Le GIS verra renforcer son action par le lancement, début 2017, d’un cluster régional à l’initiative de Amiens Metropole, et qui est centré sur l’autonomie énergétique. À la clé, une réflexion à maille locale, axée principalement sur les potentiels du territoire en terme d’énergie renouvelable (éolien, approvisionnement en matière organique et méthanisation notamment). « Le cluster permettra d’appréhender les problématiques énergétiques à une maille locale et aura notamment pour vocation de recenser les caractéristiques présentées par le territoire ainsi que d’identifier les actions qui pourraient être menées afin de renforcer la cohérence de la politique énergétique à l’échelle du territoire (explorer, par exemple, les gisements de flexibilité du côté de l’offre et de la demande, qui pourraient être présents sur le territoire) », ajoute Guillaume Dezobry.

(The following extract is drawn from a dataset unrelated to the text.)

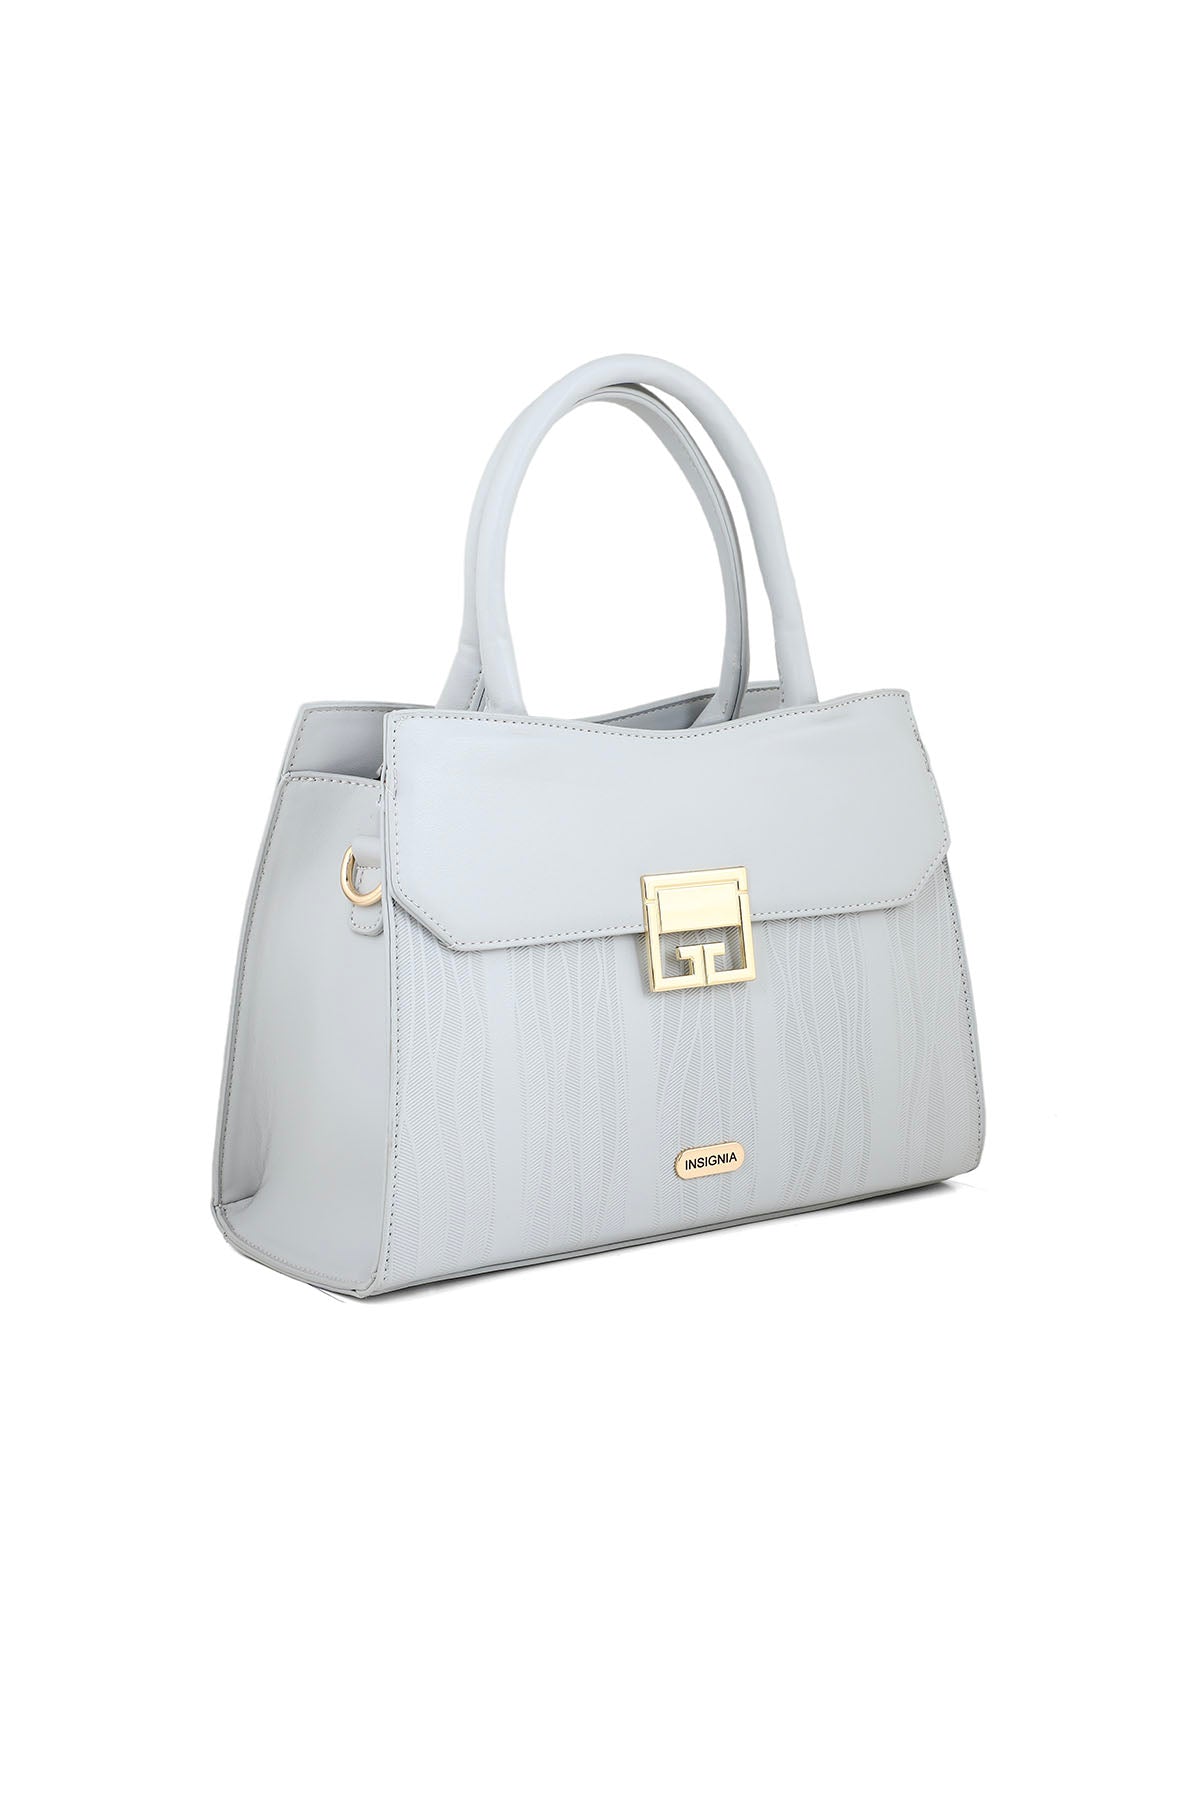 Top Handle Hand Bags B15132-Grey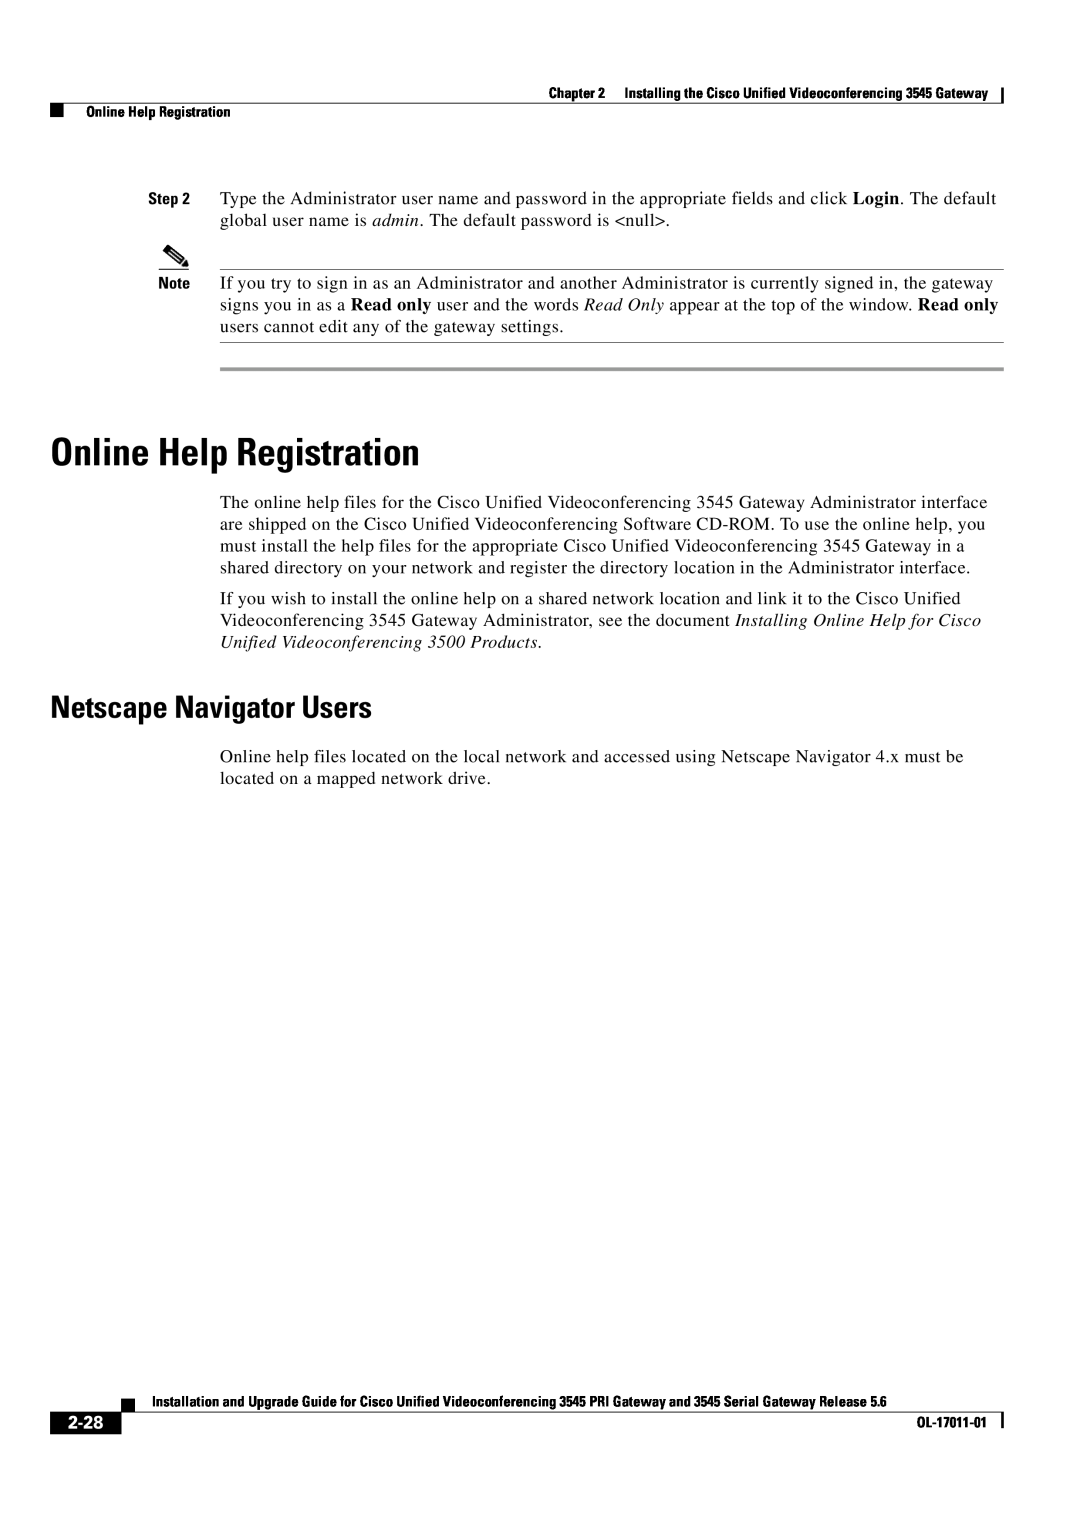 Cisco Systems 3545 PRI, 3545 Serial manual Online Help Registration, Netscape Navigator Users, 2-28

Autre fer de lance du territoire picard, le bâtiment Hub d’Amiens qui vient juste d’être achevé et qui abritera, entre autres, l’Institut national sur le stockage électrochimique de l’énergie, permettant de regrouper dans un premier temps les compétences des principaux laboratoires français du domaine, mais aussi l’expertise d’une dizaine d’industriels et de 3 établissements publics.

La dynamique est donc lancée, la filière électrique est bien au rendez-vous, les freins sont en cours d’être levés, il reste cependant à ce que l’ensemble des citoyens et des politiques intègrent dans les territoires cette nouvelle réalité, porteuse d’emplois locaux et d’amélioration des conditions de vie. Un vrai tournant à prendre, avec énergie… et au plus vite.